> [Given information]:
====================
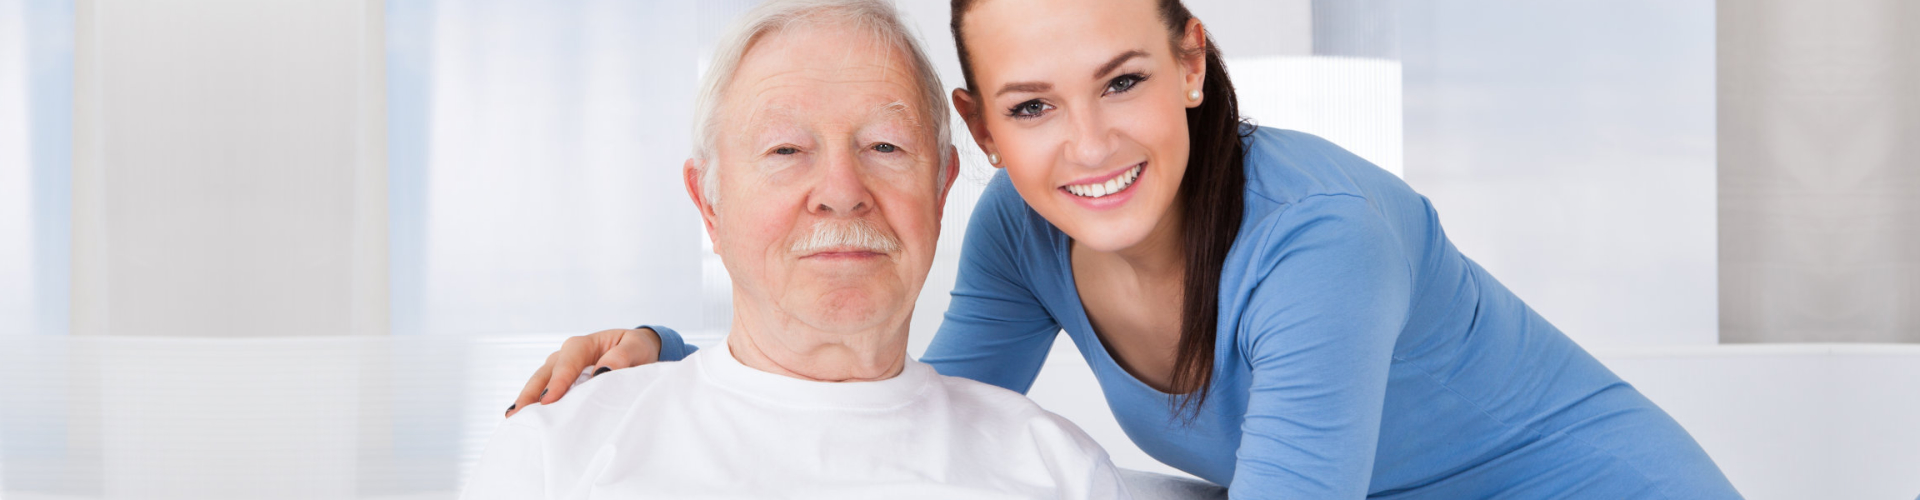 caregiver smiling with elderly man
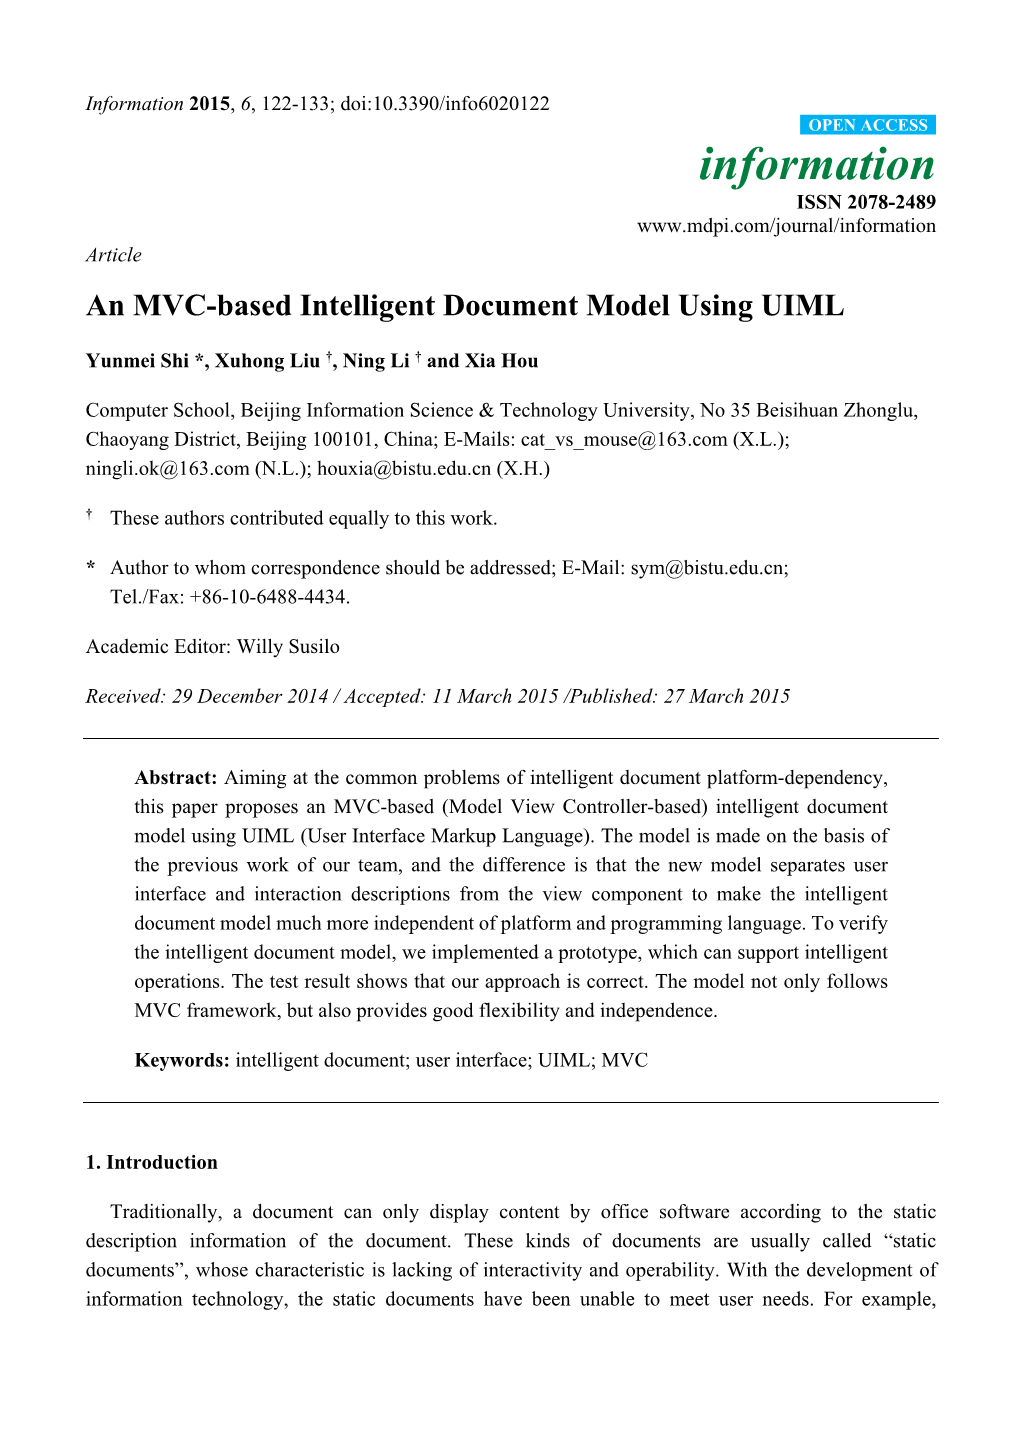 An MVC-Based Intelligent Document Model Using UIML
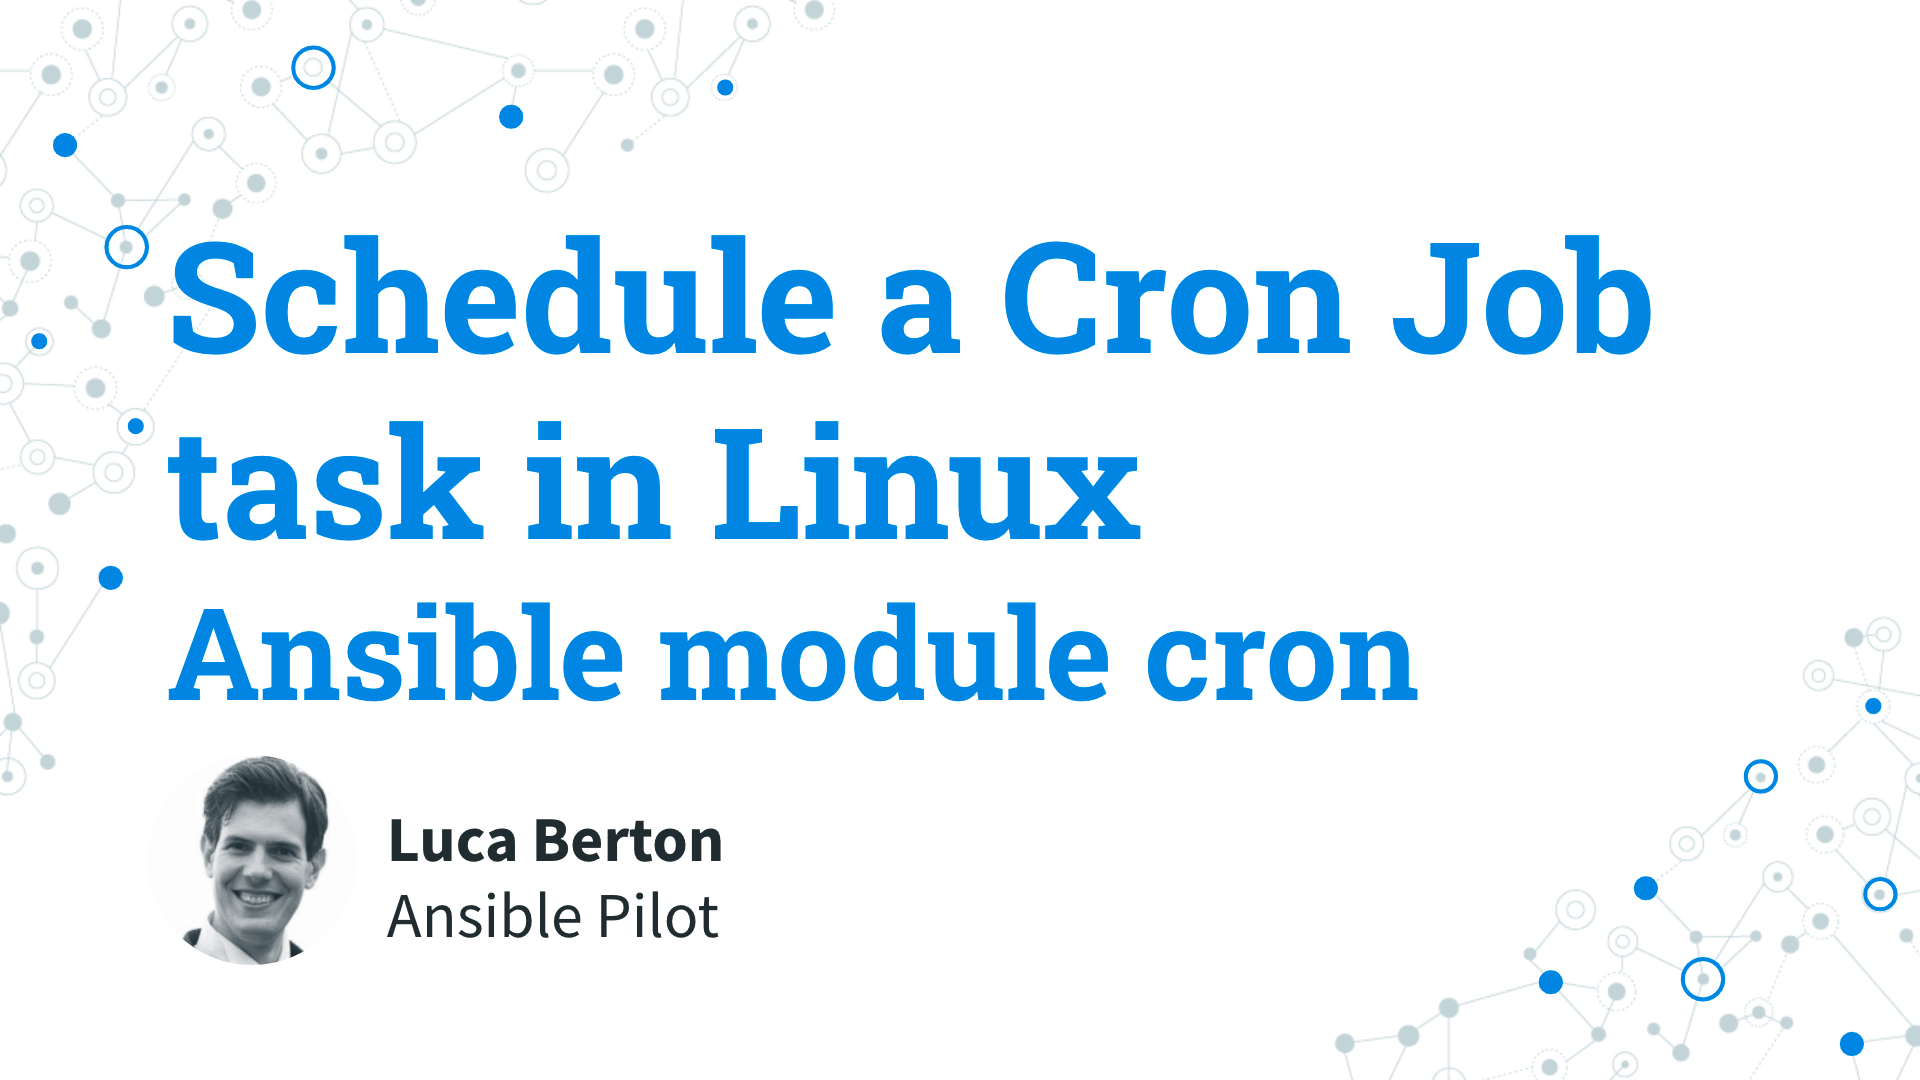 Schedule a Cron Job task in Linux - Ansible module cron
====================
> [What is needed]: Reproduce the data word for word, excluding its pictures.

> [Solution to this task]:
 caregiver smiling with elderly man
 An MVC-Based Intelligent Document Model Using UIML
 Schedule a Cron Job task in Linux - Ansible module cron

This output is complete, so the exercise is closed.